Molecule Targeting Glucosyltransferase Inhibits Streptococcus mutans Biofilm Formation and Virulence

Objectives: As a major cariogenic bacterium, Streptococcus mutans (S. mutans) has adapted to the biofilm lifestyle, which is essential for pathogenesis of dental caries. There is a critical need to develop new strategies to control the biofilm-based infection. Biofilm formation in S. mutans is promoted by major virulence factors known as glucosyltransferases (Gtfs), which synthesize adhesive extracellular polysaccharides (EPS). The current study was designed to identify novel small molecules that target Gtfs, thereby inhibiting S. mutans biofilm formation and with the potential to prevent dental caries.
Methods: A library of approximately 150,000 commercially available compounds was screened in silico against the substrate-binding site of GtfC to select molecules with high binding potential, followed by high-throughput in vitro screening. The inhibitory effects of the top hit on S. mutans biofilm formation and EPS synthesis were analysed by microbiological and biochemical methods, and confocal laser scanning microscopy. To investigate the mechanism underlying, quantitative RT-PCR and zymogram assay were performed. The in vivo effect of the molecule on the development of caries was also examined in a rat model.

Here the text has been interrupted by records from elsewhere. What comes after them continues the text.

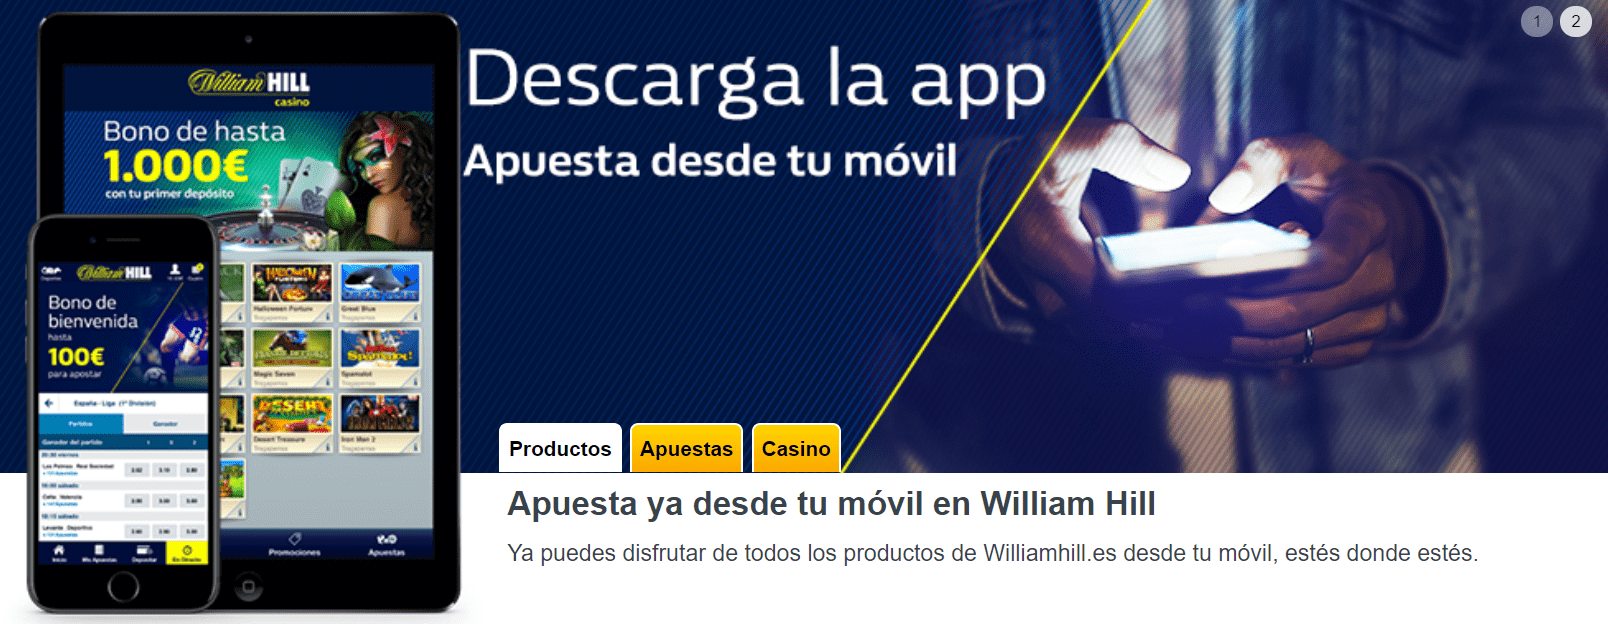 William Hill Mobile Casino beste casino app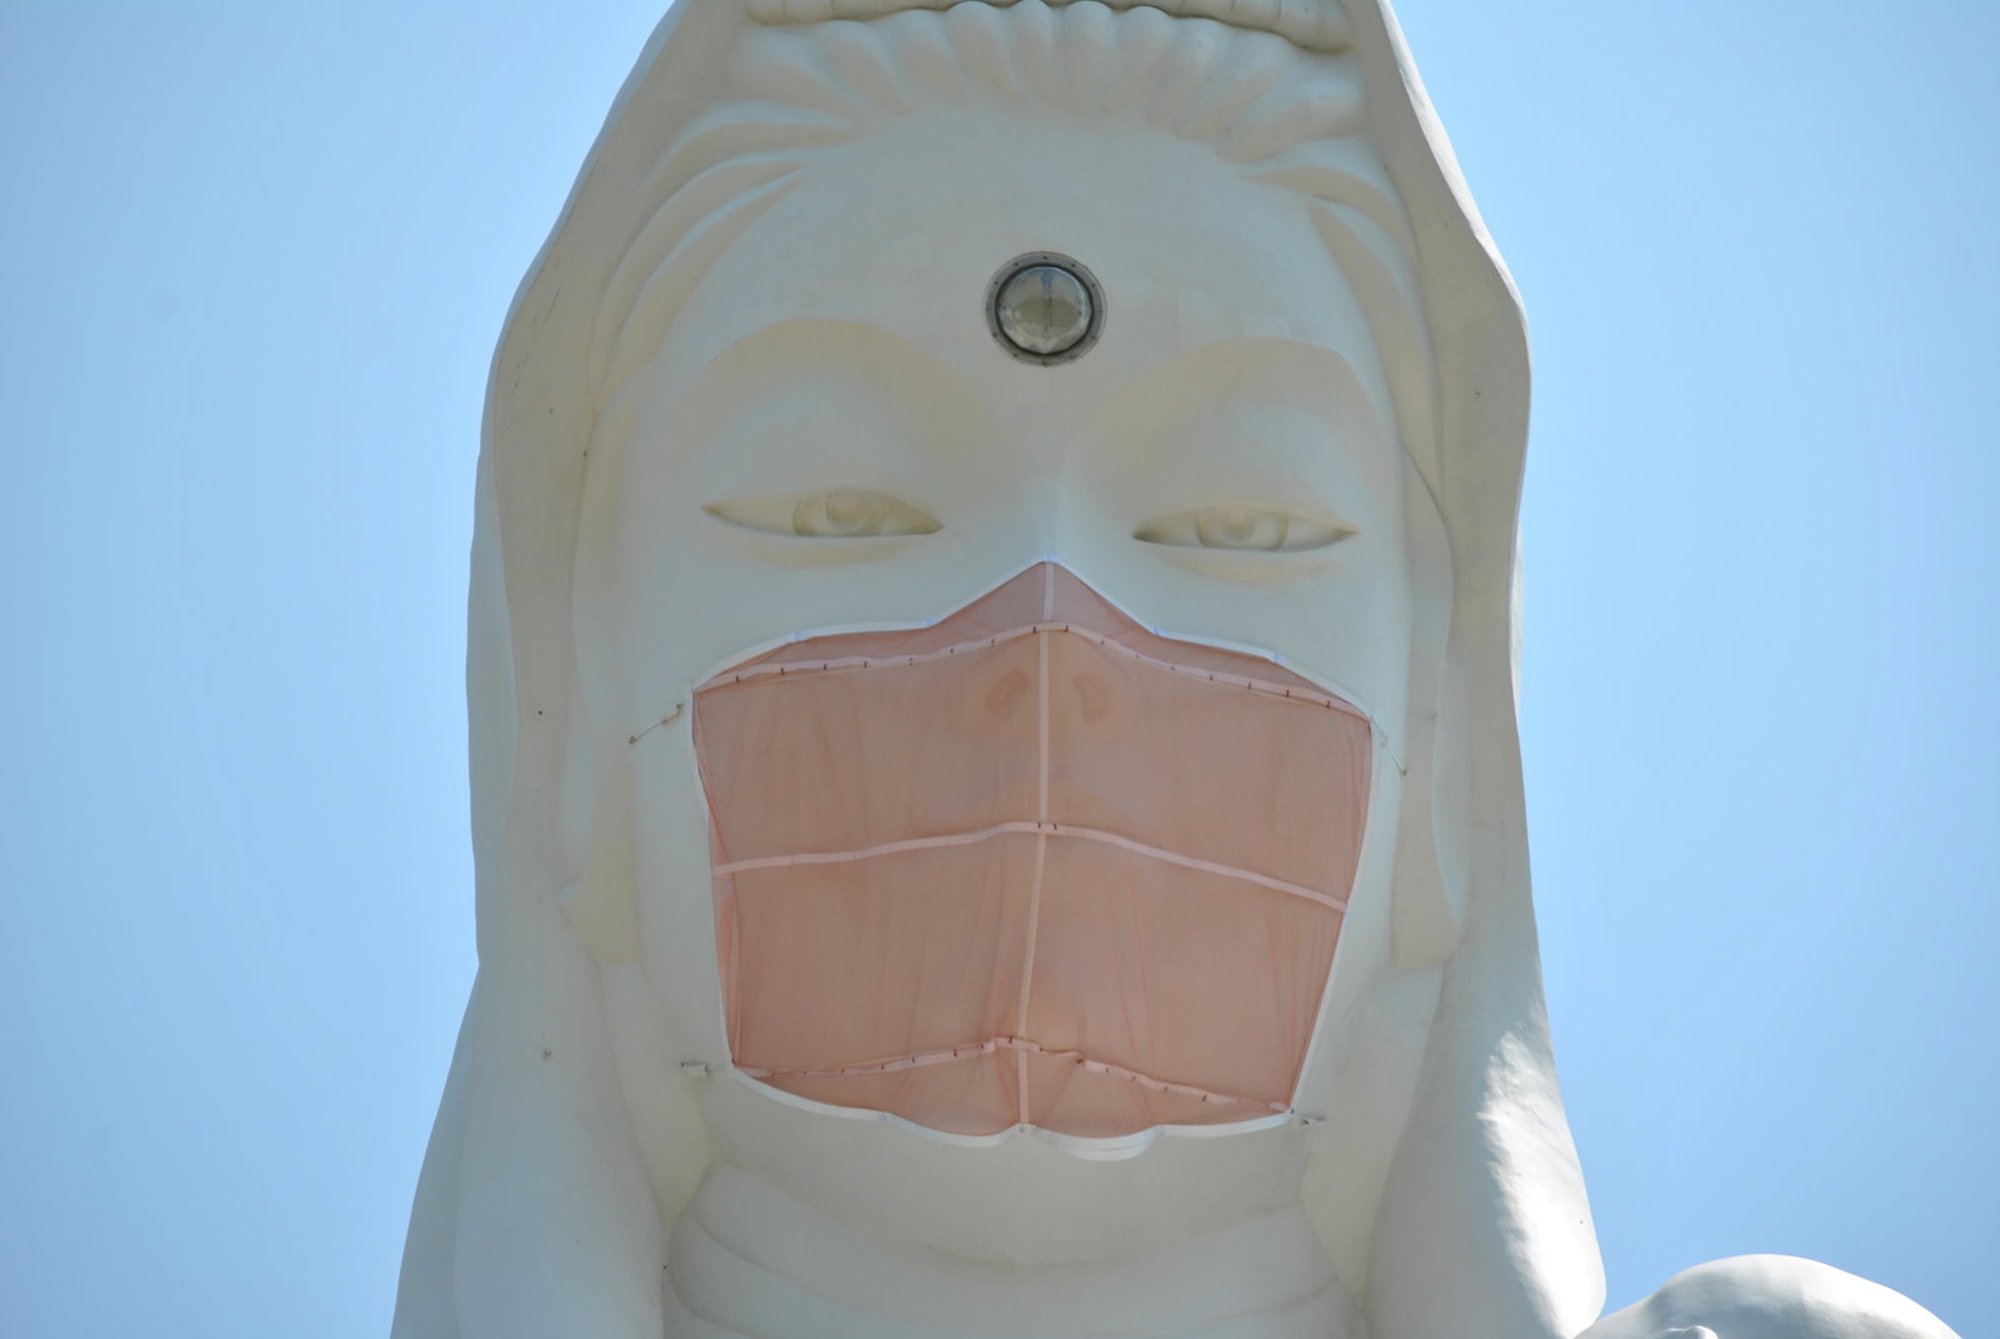 Они надели маски. Статуя Богини милосердия Каннон. Статуя в медицинской маске. Маска на статуе Япония. Статуя в маске для лица.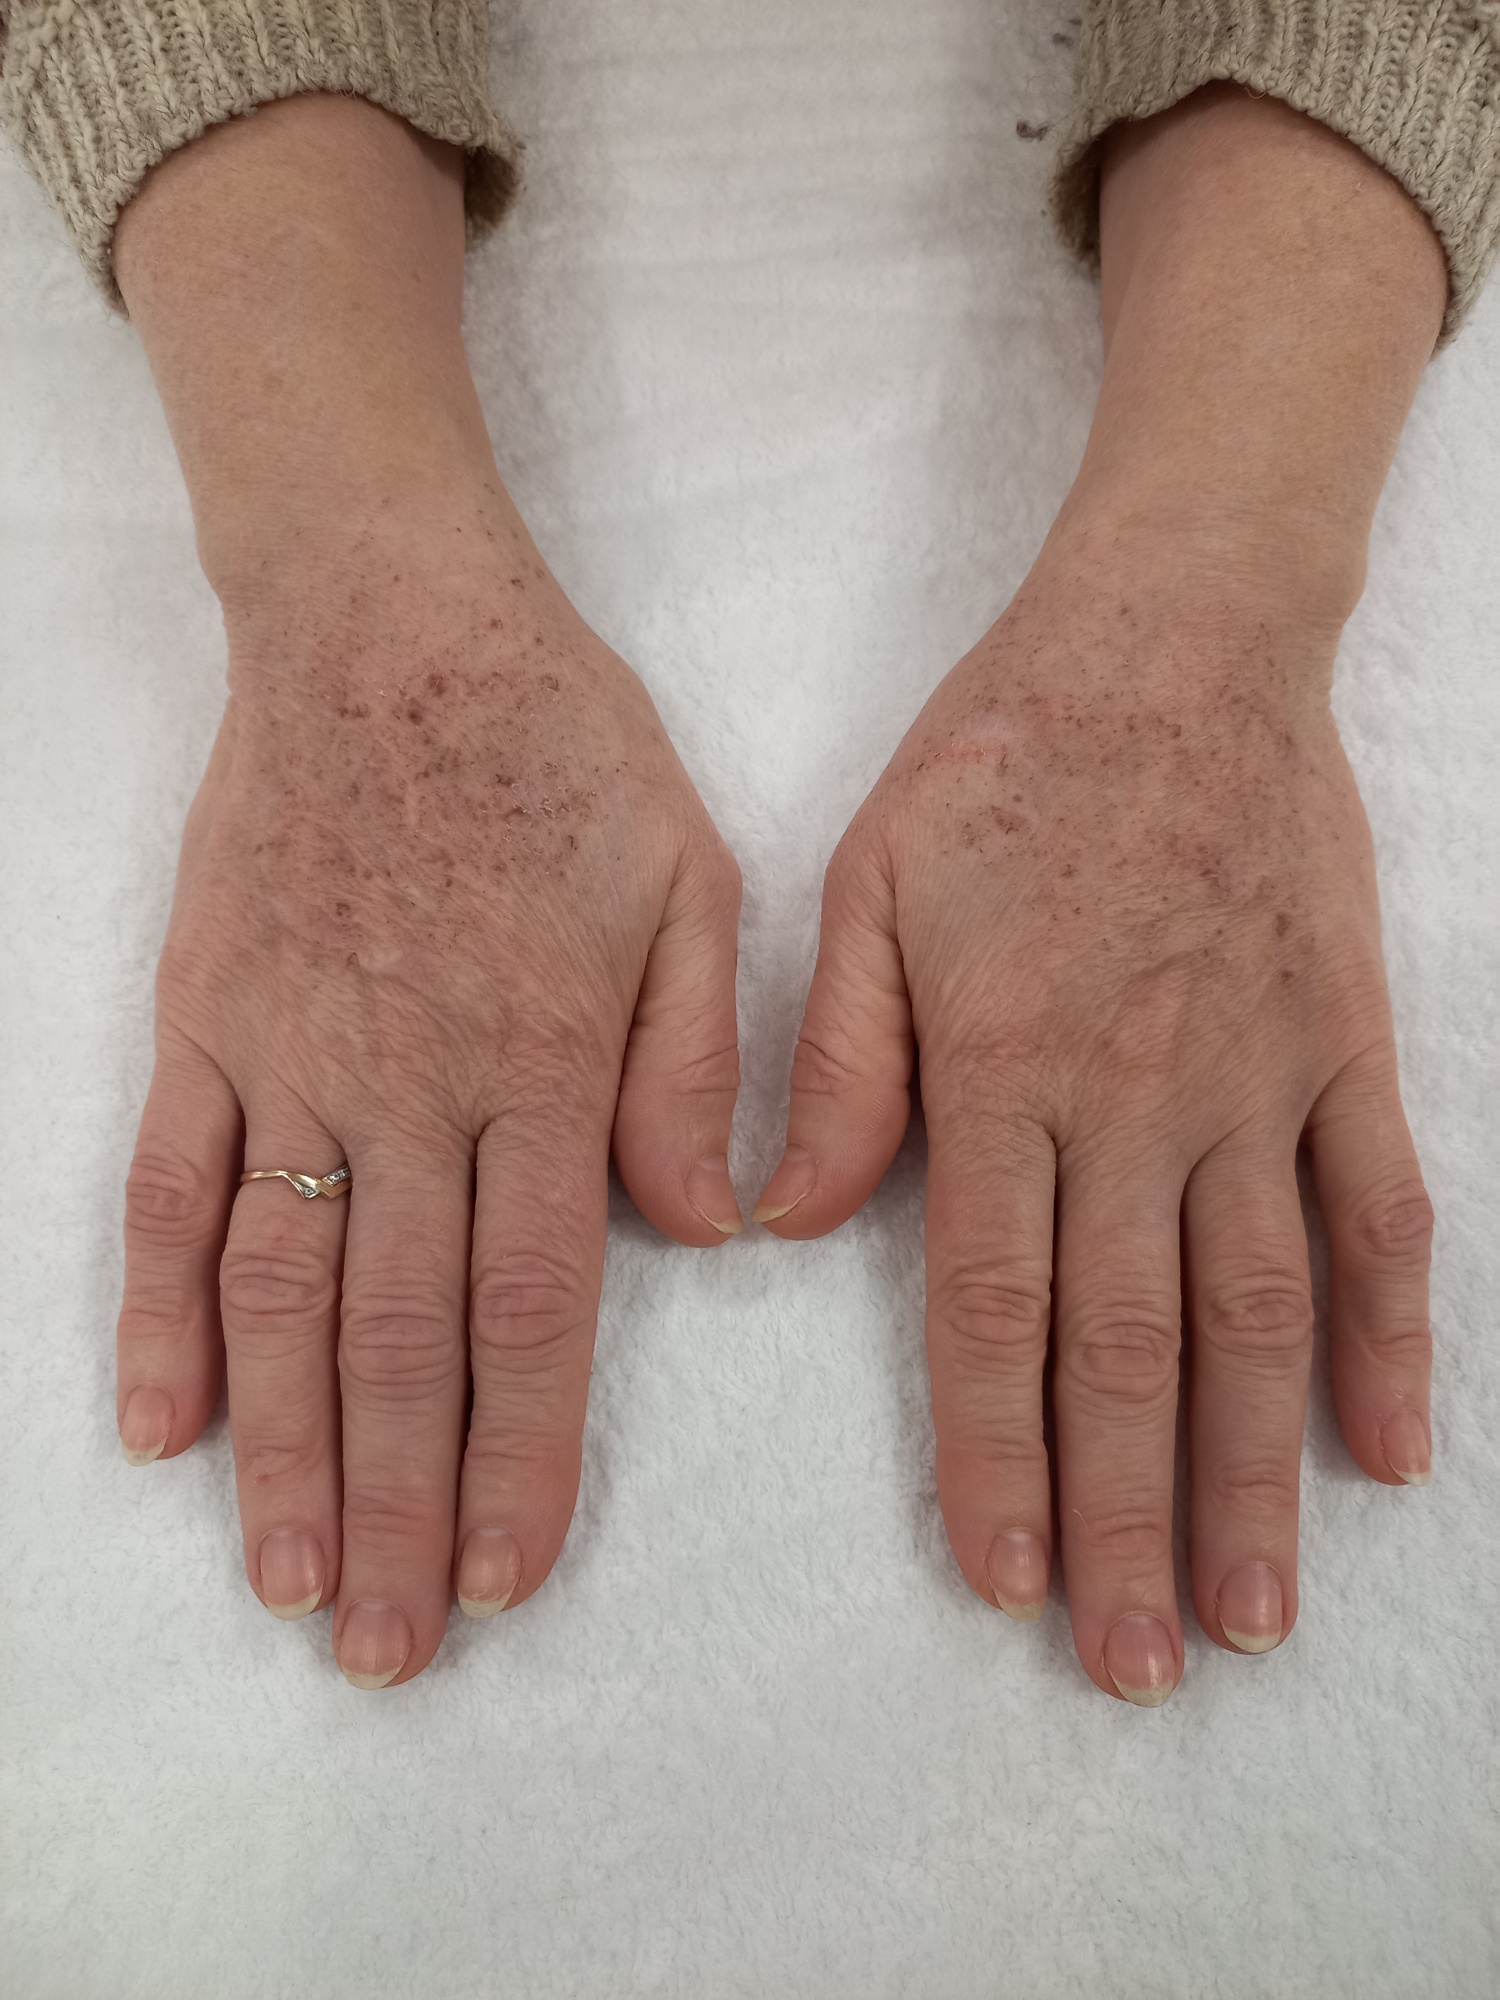 Омоложение кожи кистей рук и лечение гиперпигментации с помощью применения методики IPL фото до.jpg

Results: Structure-based virtual screening resulted in the identification of a quinoxaline derivative, named D21 as a potential Gtf inhibitor. In vitro assays showed that D21 (10μg/mL) was capable of inhibiting EPS synthesis (60% reduction, compared with vehicle control) and biofilm formation (79% reduction) in S. mutans by selectively antagonizing Gtfs, instead of killing the bacteria directly. We also found that D21 significantly reduced the incidence and severity of both smooth and sulcal-surface caries in vivo with a concomitant reduction of the percentage of S. mutans in the animals’ dental plaque (P<0.05).
Conclusions: Our study represents the first description of a small molecule identified by structure-based virtual screening that targets Gtfs and has the capacity to inhibit both biofilm formation and cariogenicity of S. mutans.